Keep The Profit, Share The Blame

We All PartiedSo the Nyberg report into our banking industry says that borrowers as well as lenders were to blame for the crisis. Fair enough I suppose. After all, it’s not like the banks lent money to people who didn’t ask for it.

Oh wait. They did.

A tramp living in a sherry bottle could borrow money in that market. Hell, they offered a ‘pre-approved’ loan to me. While many borrowed foolishly or even greedily, the greater part of the blame must surely fall on the professionals. Your bank was traditionally expected to advise you on your financial interests. It was not supposed to push debt on you, take your indebtedness and repackage it as an asset, use that to raise money, declare this a profit and pay themselves enormous bonuses. A basic trust was broken there. Not to mention a law of thermodynamics.

A proportion too has to belong to the institutions overseeing the industry – the regulators of course, but ultimately the Department of Finance. They were astonishingly lax while all this was going on, and we still aren’t being told why. (The role of government was beyond Nyberg’s remit, strangely.)

Do we really need to ask though, when politicians party with and parties are funded by people who were making enormous profits  from all this? The nod and the wink is the Morse code of Irish governance, messages flew back and forth across the wealth-to-power hotline. You’ll go a bit easy there on the regulation. Wouldn’t want to kill the golden goose, or look a gift horse in the mouth, or whatever stupid aphorism they used.
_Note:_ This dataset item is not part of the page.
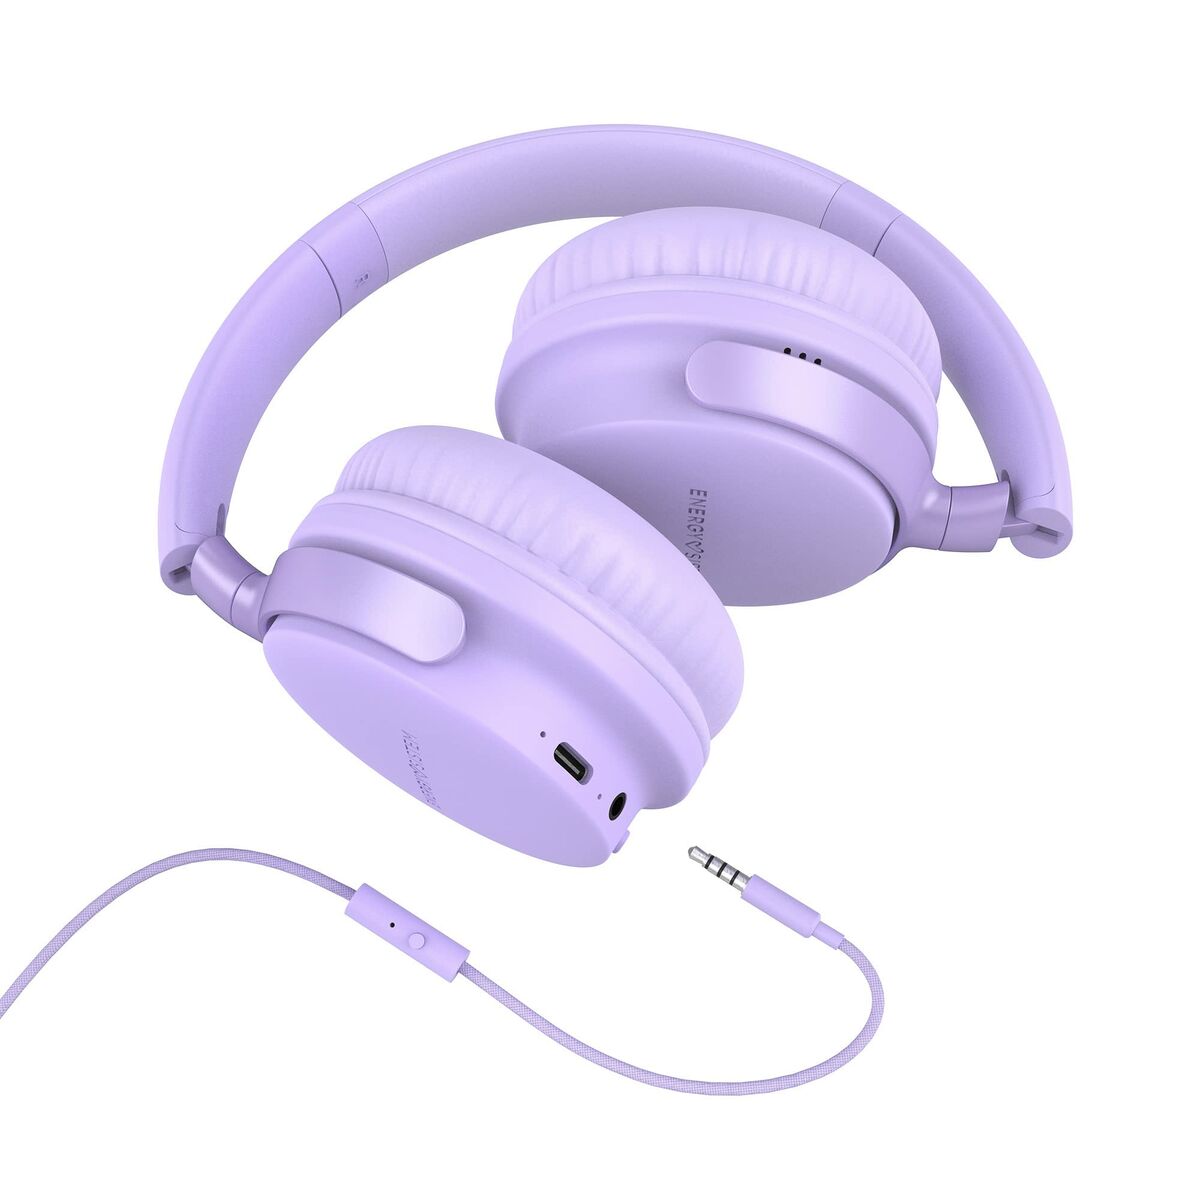 Bluetooth-Kopfhörer Energy Sistem 453054 Lavendel
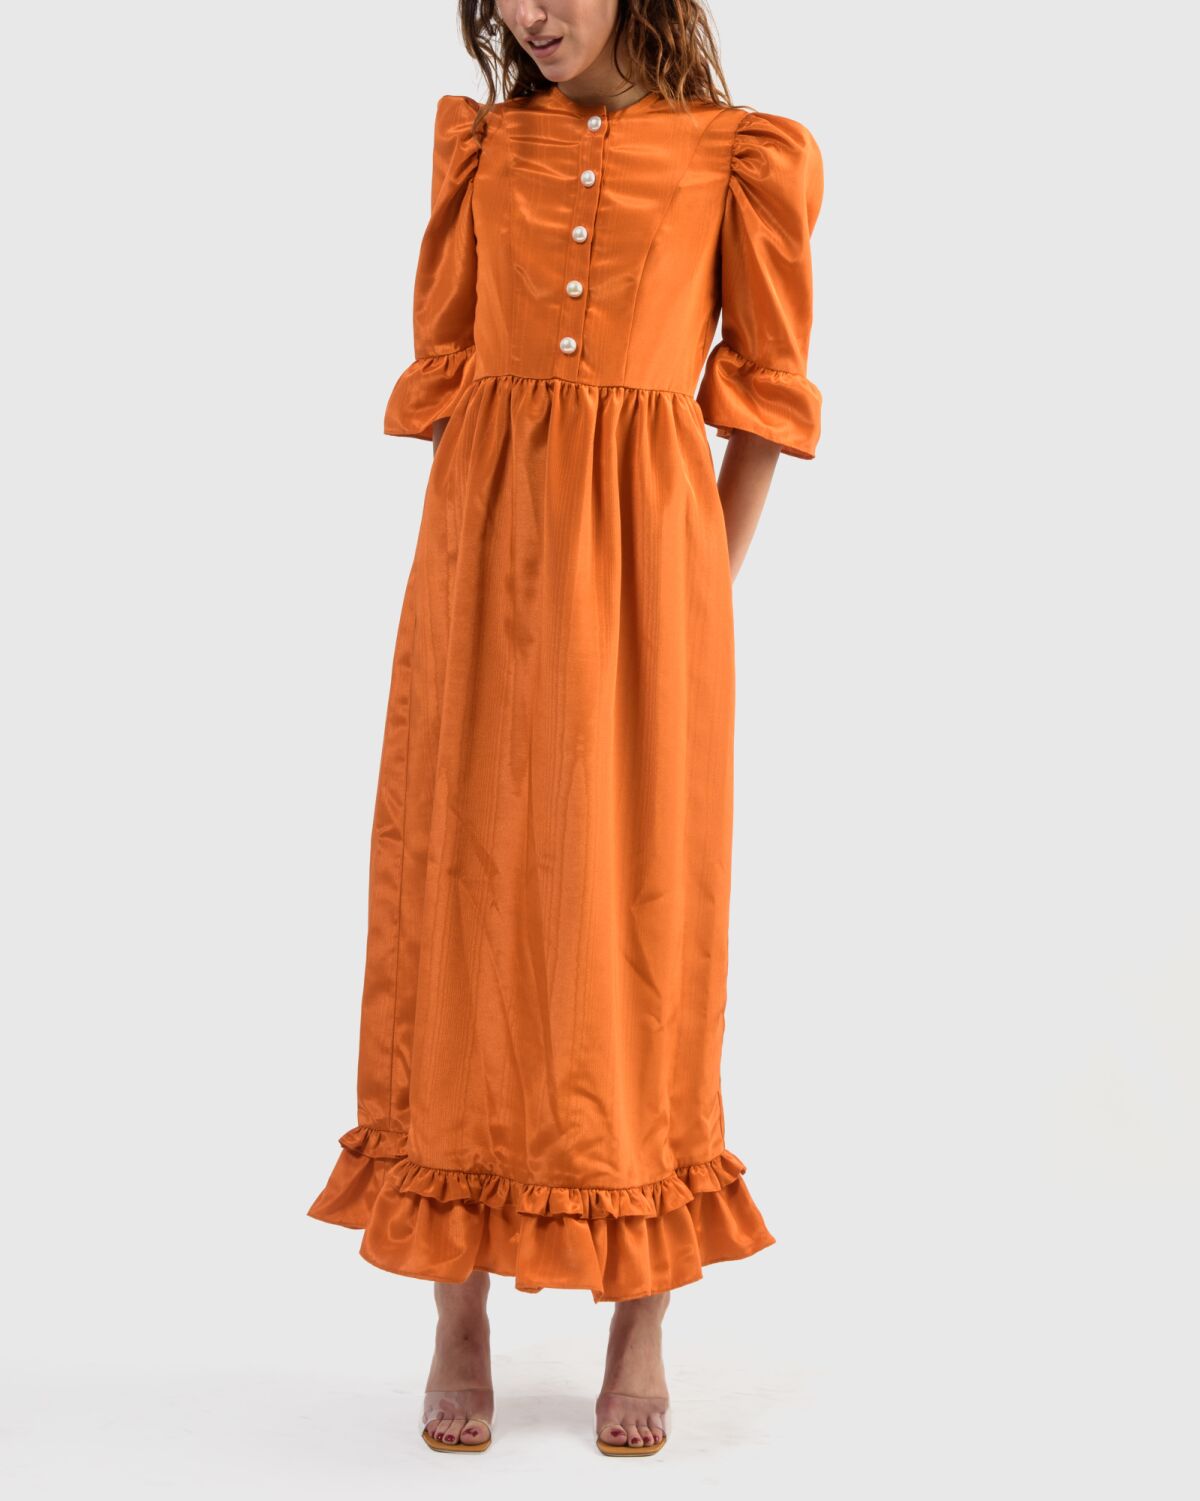 Button-up long prairie dress in orange by Batsheva.

When you get a gift horse as mysteriously generous as this you shouldn’t look it in the mouth, no. You should shove a telescope right up its bum. Nobody rocked the boat because the boat was full of money.

Categories
Humour

God, The Sun!

Toasted Heretic Point Out The Profound Lack of Iberian Influence

At a Spanish café near the Spanish Arch, eating… scrambled eggs. I could have had an omelette but things were already getting out of hand. A tourist had come up to me and asked directions to Galway’s ‘Iberian style’ cathedral. He did mean the modern 60s one, I checked. His guidebook must be Europe On Drugs, I’m not seeing aything remotely Iberian about it. Frankly I don’t think it’s in any consistent taste whatever, except Questionable Irish-American. No seriously, the thing has what to every appearance is a shrine to John F. Kennedy.

Today though is for worshipping that most primal of gods, the sun. The best kept secret about the Irish climate is that it is frequently much better in April than it is in August. At this time of year it either rains or it’s hot. Of course, it can rain a lot… Last Monday we had cloudbursts – of hail, even. Including one right in the middle of my mother’s driving test, which didn’t help.

But this is infinitely preferable in my book to the overcast that can last throughout the ‘summer’ proper. It’s to be expected I suppose in a country that sits in a bowl of Atlantic. The summer sun on that water drives off so much vapour that it blocks the heat and light from us. So infuriating to be cold in mid-July, knowing that just beyond the great grey shell there’s a solar furnace at maximum. Nature can be a curse.

I call it a secret, but someone seems to have been blabbing. It’s thick with tourists around here already. Cúirt is on of course, but you don’t expect literary festivals to bring the horde down on you. Maybe there are more domestic holidaymakers than usual, what with The Economy.

Certainly seemed to be a lot of people out clubbing last night. Even though I picked the quietest route back from Salthill I still had to walk around two broken Bucky bottles. Buckfast tonic wine – the party drink made by monks. Maybe people drink it for the irony. Or possibly the sulphury. Must be something like that anyway; it tastes bloody awful.

Irony, and caffeine. The Bucky in a brown bottle, which for some reason is unique to Ireland, actually contains more caffeine by volume than Red Bull. And remember people dilute Red Bull, by adding vodka to it. So that’s why you see broken bottles everywhere. It’s not the 15% alcohol content that makes people clumsy. It’s the caffeine shakes.